In our exercise, two equations were derived: one for the total mileage and another for gasoline consumption, both involving the variables for city and highway miles driven (\(x\) and \(y\) ). Here is a brief overview of the equations:

• \(x + y = 1800\) represents the total miles driven.
• \( \frac{x}{25} + \frac{y}{40} = 51\) involves the total gasoline used based on mileage in city and highway.

These equations make up a system because they describe the same scenario but from different perspectives. Solving systems of equations like these can help break down the problem into manageable parts. Utilizing methods like substitution or elimination allows us to find the solution efficiently.

Mileage calculation is crucial when dealing with problems that involve distances and gasoline consumption. In this exercise, the mileage estimates are provided in miles per gallon (mi/gal), a typical measure of efficiency for vehicles. These estimates allow us to calculate total gasoline usage on different routes, making it a practical application of high school algebra.

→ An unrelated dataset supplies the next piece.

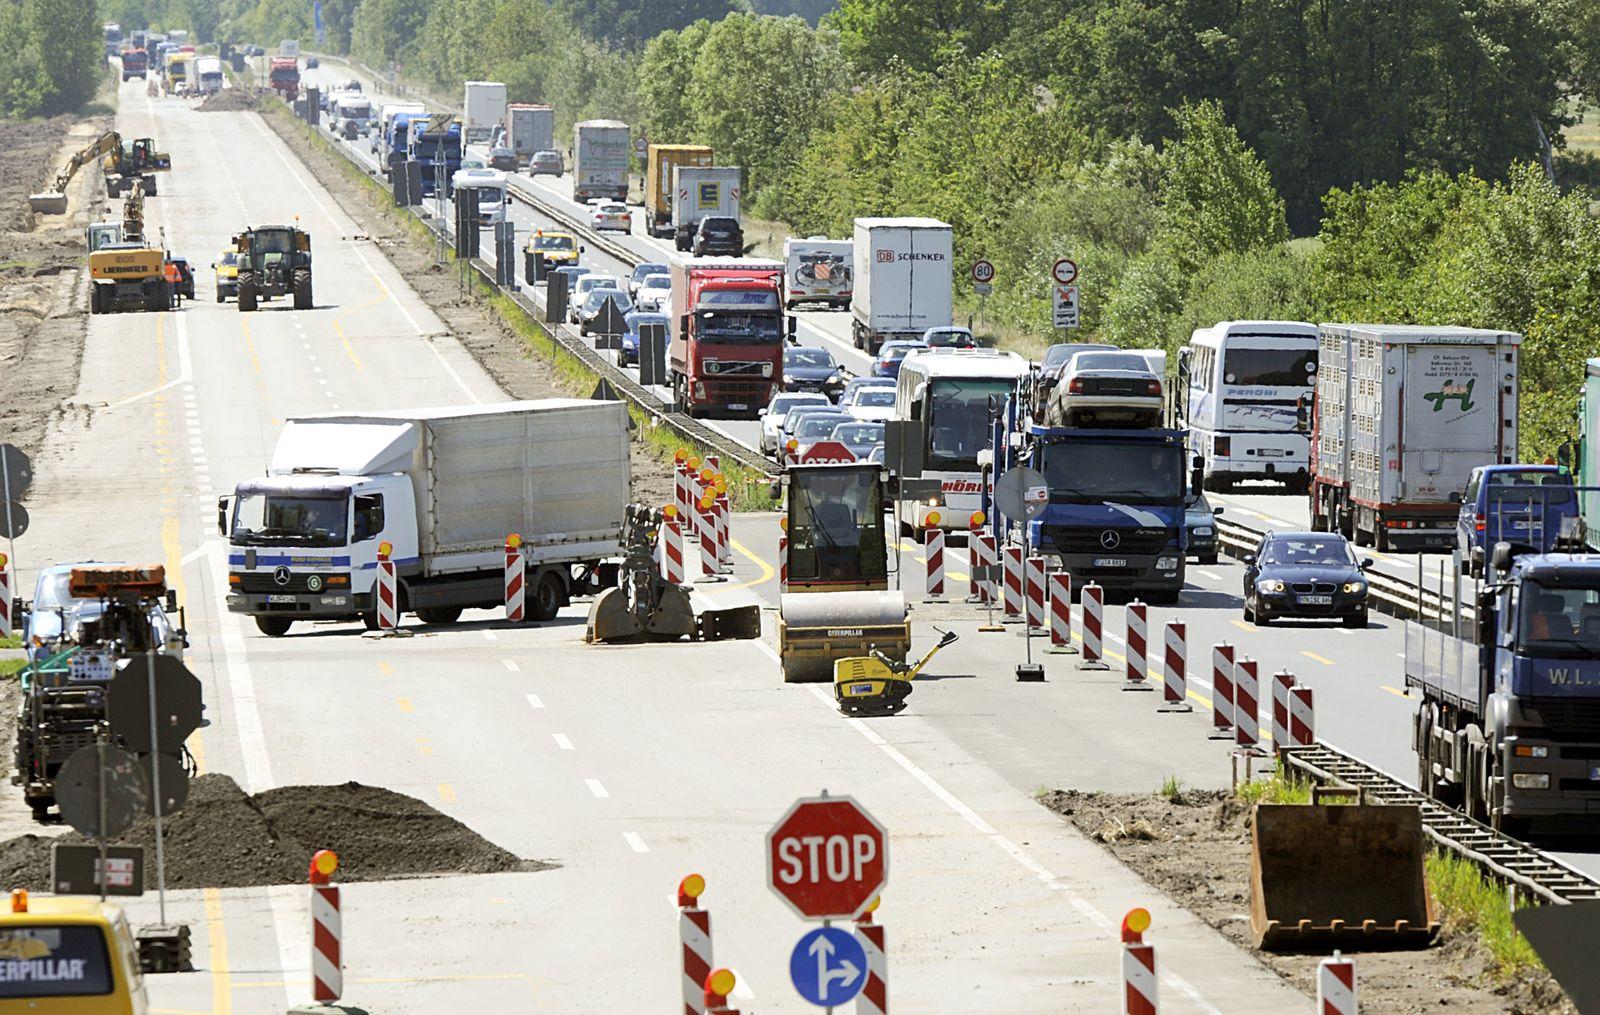 Autobahn A1 ÖPP

• The city mileage is \(25 \text{ mi/gal} \).
• The highway mileage is \(40 \text{ mi/gal} \).

By knowing these values, we can set up accurate models to represent how gas consumption varies between city and highway driving. Once we have the total miles and the total gallons of gasoline used, we formulate equations to solve for the actual miles driven in each condition.

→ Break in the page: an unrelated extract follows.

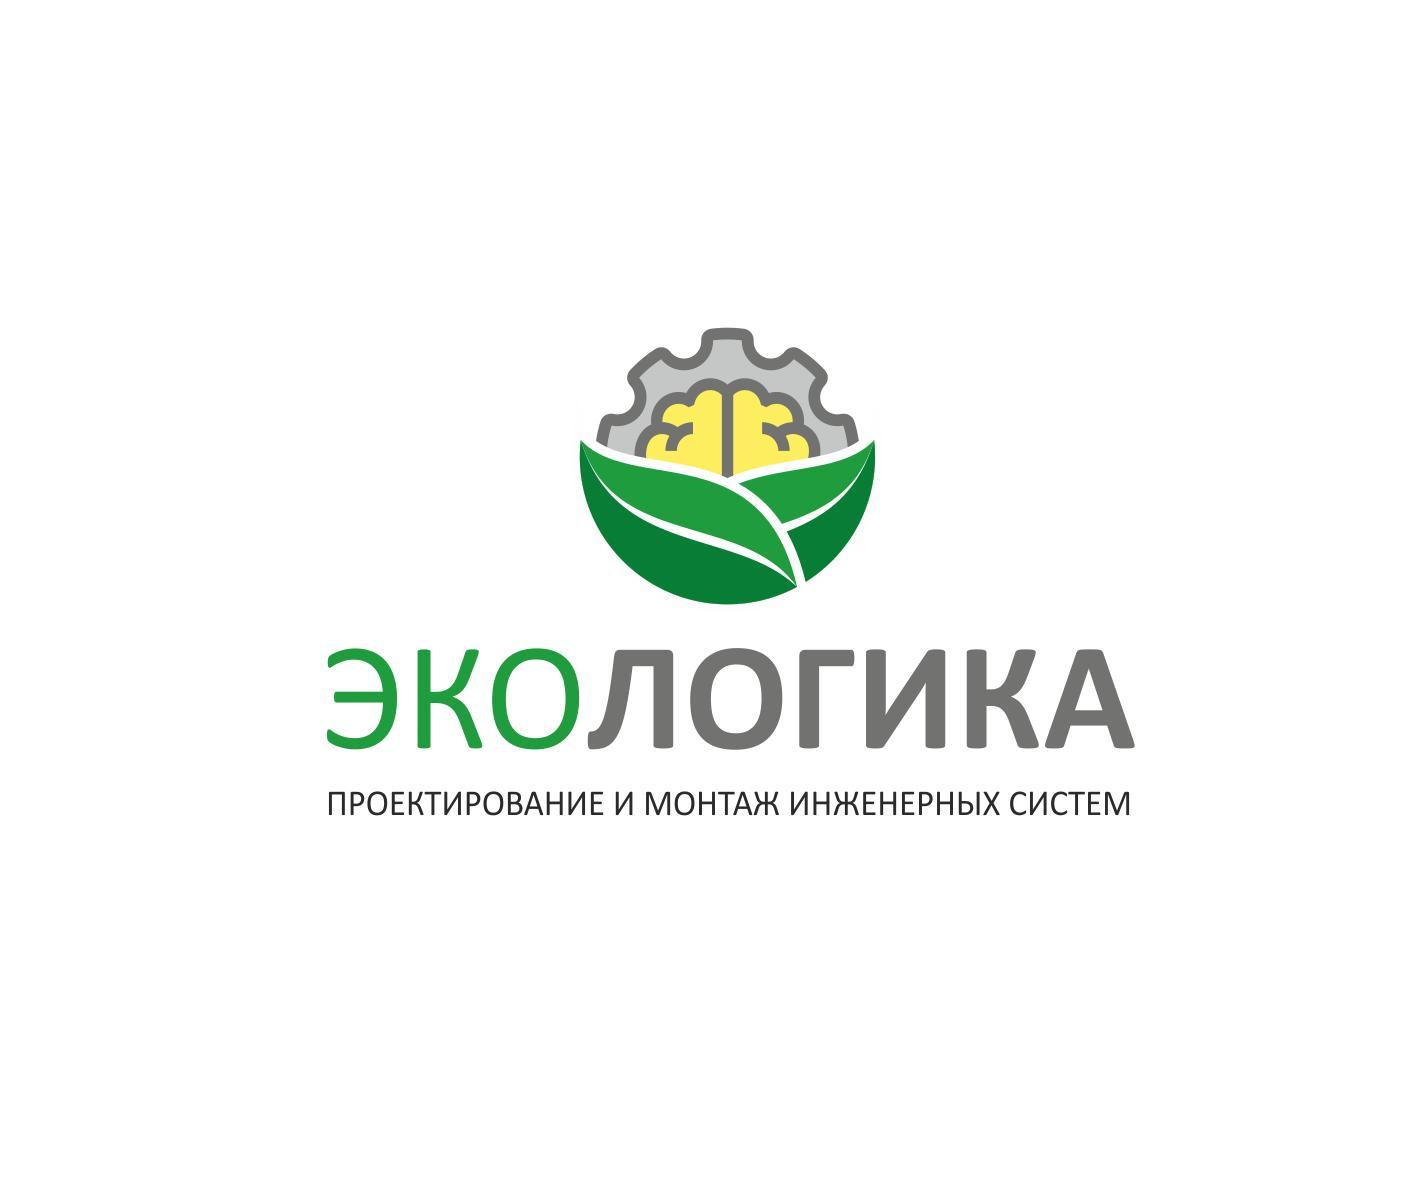 Логотип ЭКОЛОГИКА фото f_5145937e4657a7e4.jpg

Algebraic substitution is a handy technique for solving a system of equations, where one equation is solved for one variable, and this expression is substituted into another equation. This method is particularly useful when one of the variables is straightforward to isolate.
In this exercise, substitution begins with the equation for total miles:

• From \(x + y = 1800\), we isolate \(y\) as \(y = 1800 - x\).

This expression for \(y\) is then substituted into the gasoline equation:

• \( \frac{x}{25} + \frac{1800 - x}{40} = 51\).

This substitution creates an equation with a single variable, \(x\), which can then be solved through arithmetic processes. Substitution reduces the complexity of solving multiple-variable equations by focusing on one variable at a time.